Throughout 2010, I talked with a number of business process executives that are members of Forrester’s Business Process Leadership Board(BP FLB).  These leaders all drive large BPM initiatives in the US and Europe, focused on continuous improvement and business transformation.  I usually begin those conversations with a question:  what’s your biggest problem with business process management (BPM) in your organization? Invariably I get a list of the big issues keeping BPM from progressing within the organization, and interestingly, the list of challenges remains the same across industry sectors and geographic regions:

  • Gaining sponsorship– getting the buy-in from senior business (and IT executives in some cases) usually surfaces as one of the first challenges business process professionals encounter.  Without strong buy-in from key stakeholders, you’ll never proceed with large-scale BPM initiatives—although moving ahead with smaller projects may be possible if you get enough mid-level managers bought in to it. But senior executive sponsorship remains critical, if for no other reason than helping you with business change management. The trick to getting executive buy-in?  Avoid technology talk and focus like a laser beam on the financial case. The more senior the business exec, the more critical it becomes to talk in financial terms.  At the highest level of the organization—say the CFO, COO, and CEO—only two phrases typically resonate: 1) how much revenue does it create? and 2) how much profit does it add to the bottom line?  Without addressing those two issues head-on, it’ll be hard gain executive level buy-in.  Fortunately, we’ve got some numbers you can rely on:  BPM projects typically deliver 30-50% productivity gains for processes involving primarily back office, clerical staff, and they typically deliver 15-30% productivity gains for processes involving knowledge workers.

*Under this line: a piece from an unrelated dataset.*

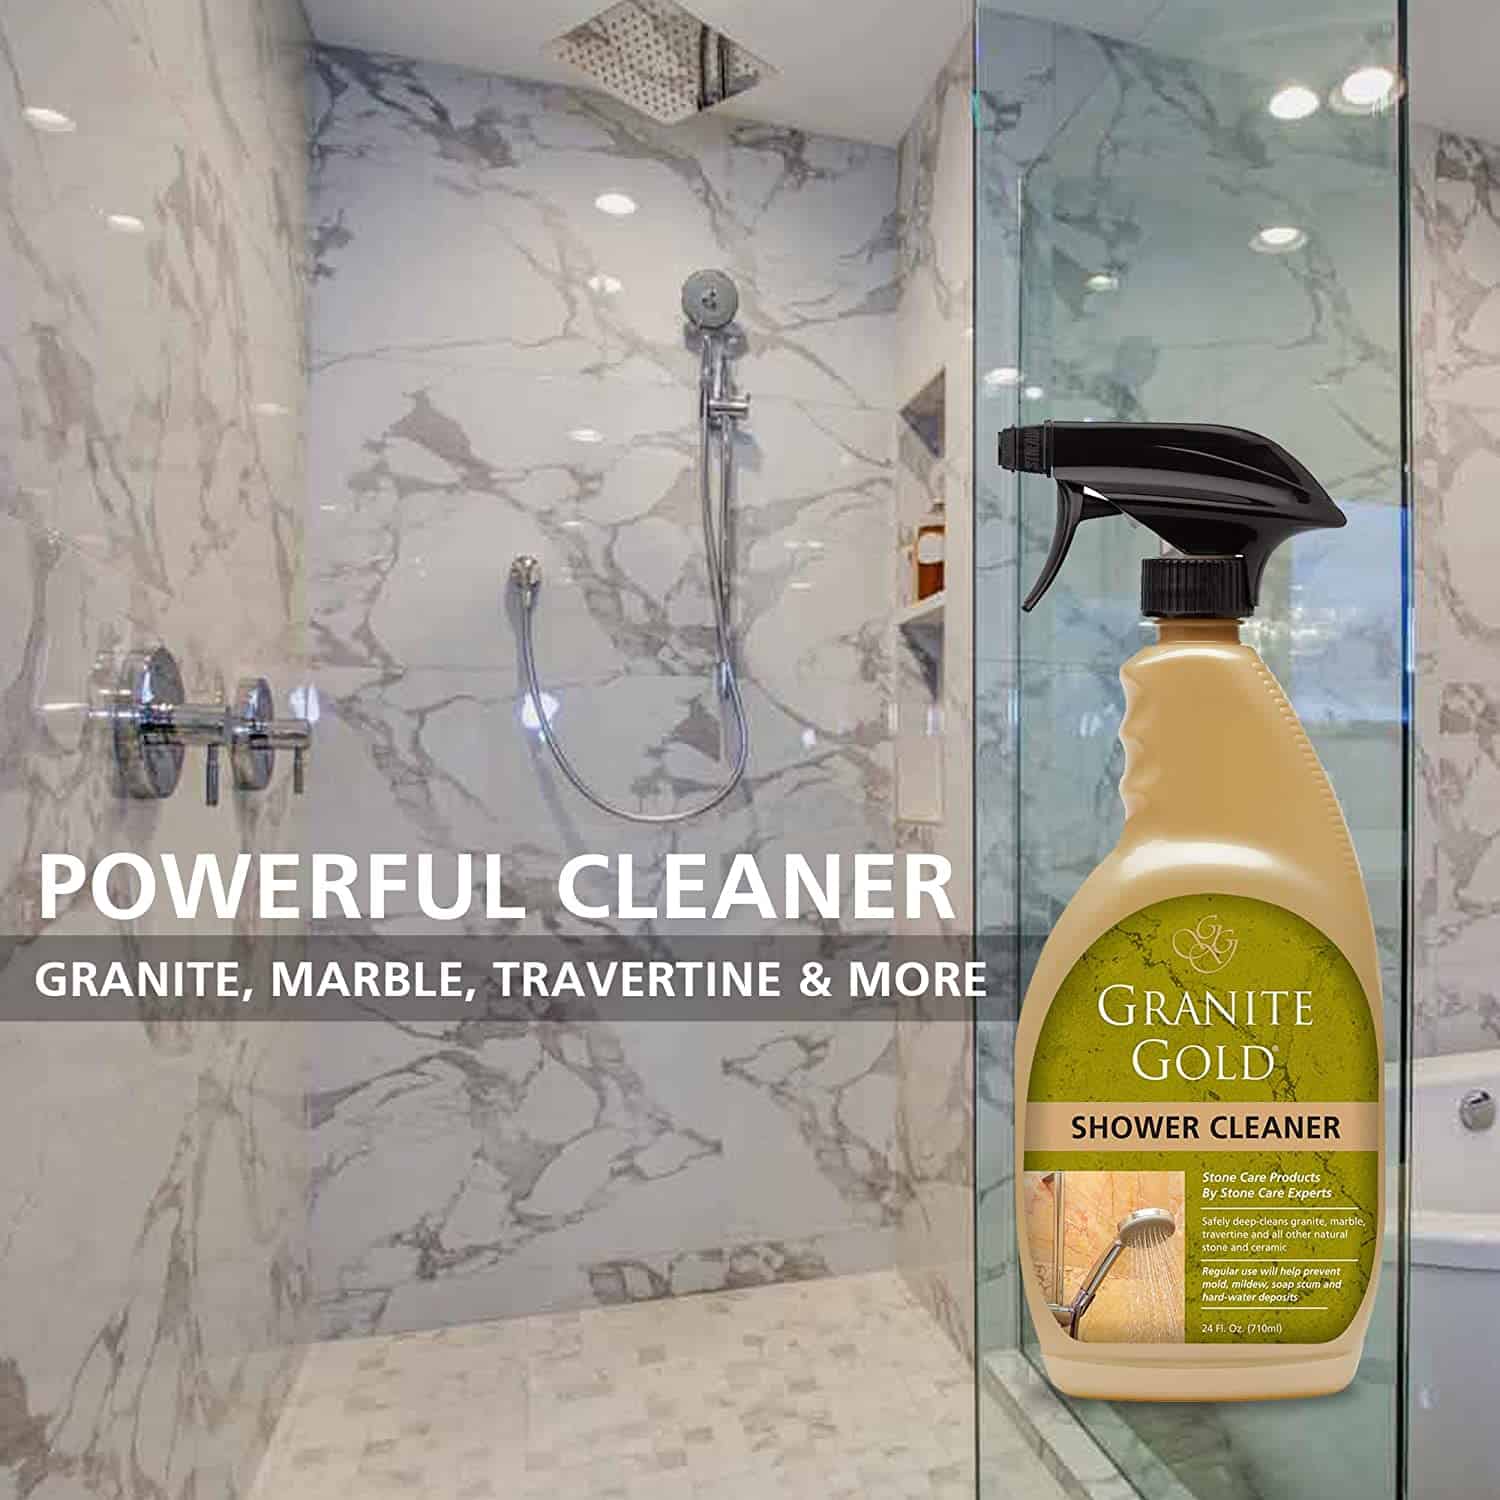 Granite Gold Shower cleaner spray

  • Overcoming 100 years of functional thinking—Most businesses and government agencies organize around discrete business functions, like marketing, sales, research and development, operations, finance, HR and so forth. This type of functional organization structure comes from the industrial age (1800s) when division of labor reigned in a non-automated world. In today’s highly automated organizations, business processes that deliver value to customers from an end-to-end perspective usually cross these organizational boundaries, or siloes.  Business process pros call business functions siloes because workers and managers within those functions rarely look beyond that organizational department to see how work that touches the customer gets done within other functions. While it’s possible to tackle projects within a single business function, usually high value business processes belong with a larger, cross-functional way of working.  Getting everyone on board to think about the value stream (a Lean term) from its origin to where it touches and provides value to the end customer remains one of the biggest challenges in BPM.  And getting organizations to overlay their functional thinking and org chart with a process mindset becomes the first step in shifting the organization’s structure to a true process-driven business. Often it requires prying back more than 100 years of encrusted, out of date, work patterns and practices from business executives who have never imagined any other way of getting work done.

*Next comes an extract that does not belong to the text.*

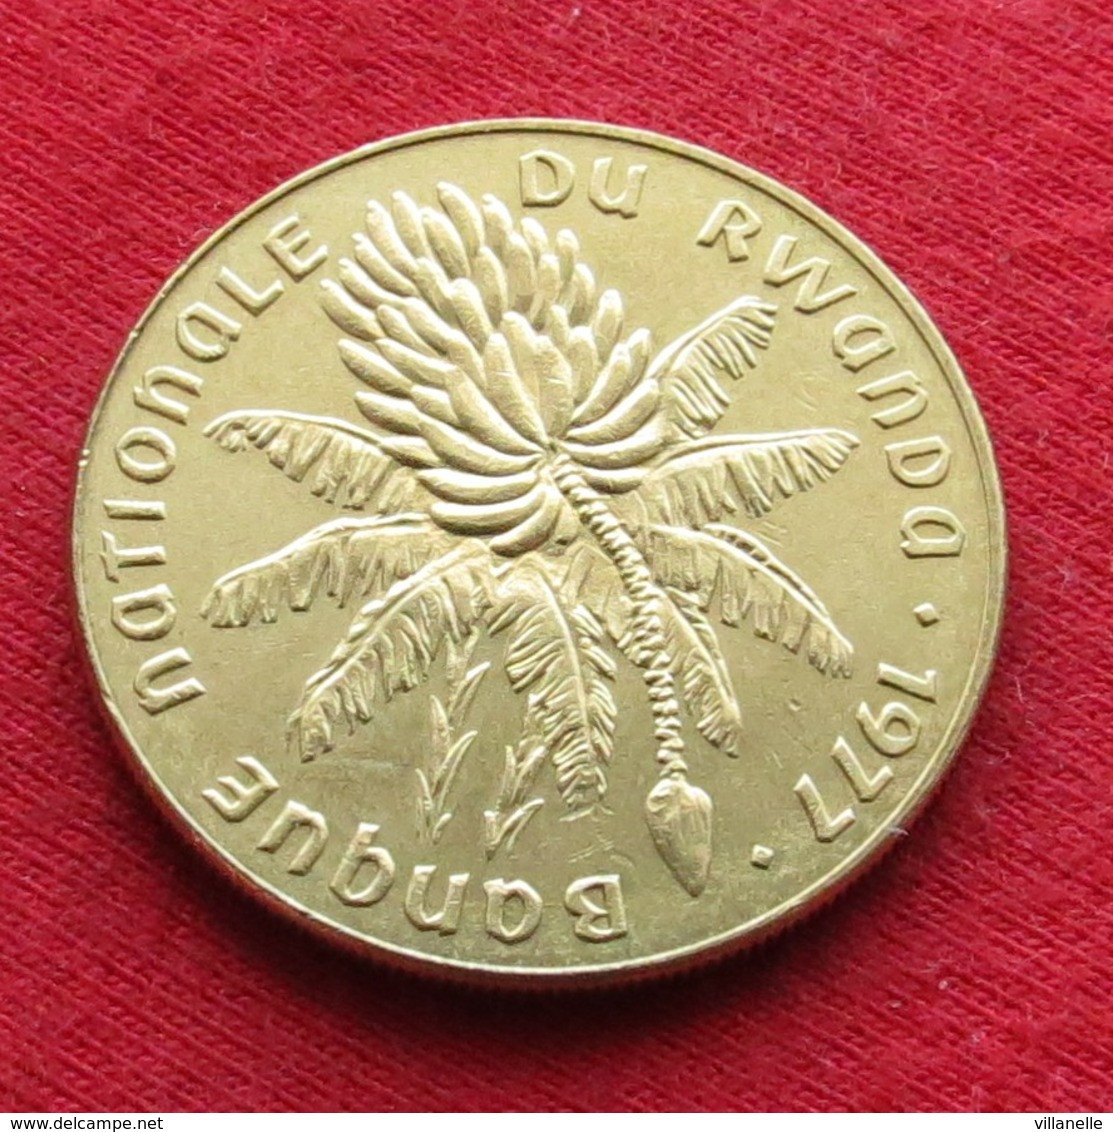 Rwanda 20 Franc 1977 Ruanda  UNC ºº - Rwanda

  • Tackling business change management. If there’s one problem that gets cited repeatedly as the single most point of failure, it’s change management. The term itself has that touchy-feely connotation that completely turns off some executives, managers and workers.  But the lack of change management—and by that I mean “business change management,” not software change management—can stop a BPM project, program or strategic initiative dead in its tracks.  And guess where most of your change management expertise resides? (You’ll never guess.)  It’s in HR, most likely in the learning and development part of HR. The key becomes how to merge the high level change management approaches that HR knows about with the down-in-the-trenches BPM initiatives.  But, I cannot emphasize enough how important overcoming this challenge is.  By the way, Claire Schooley and I are currently researching Change Management for BPM projects; if you have ideas or suggestions, or want to be interviewed, please leave a comment and contact us at cmoore@forrester.comand cschooley@forrester.com. If you don’t know much about this topic and you want to get started on change management, we recommend reading: Leading Change by John P. Kotter, and Change Management, The People Side of Change by Jeffrey Hiatt and Timothy Creasey.

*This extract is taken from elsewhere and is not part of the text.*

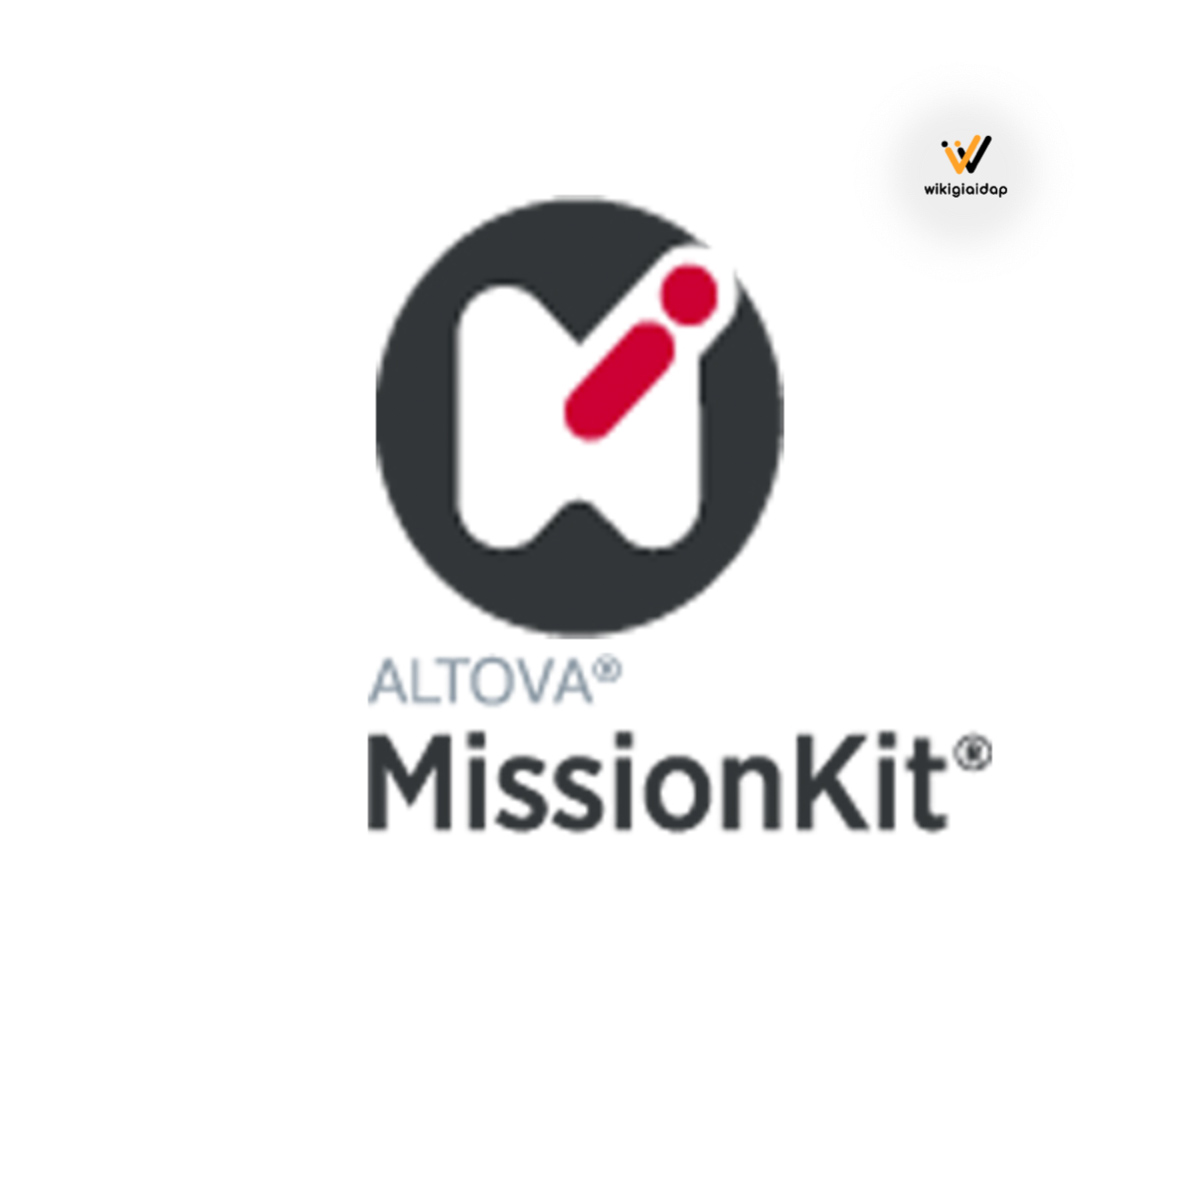 Giới thiệu về phần mềm Altova MissionKit

  • Developing and executing on internal communication plans. This BPM challenge actually belongs within the larger change management issue.  A comprehensive communication plan must start from the top of the organization, but not just stop there.  Instead, it has to trickle down through different management levels to eventually address individuals who have big concerns about how the changed process will impact his or her job.  Plus, the communication plan has to keep a steady drumbeat, not a one-time big bang.  It takes months/years for big changes to really take effect, and senior execs can’t just launch the communication and then disappear from action.  The most important aspect about the communication plan is to 1) incorporate it into your change management plans and 2) synchronize the communications plan with your BPM methodologies—making sure there’s strong alignment between your methodology and communication plan throughout key phases of the project.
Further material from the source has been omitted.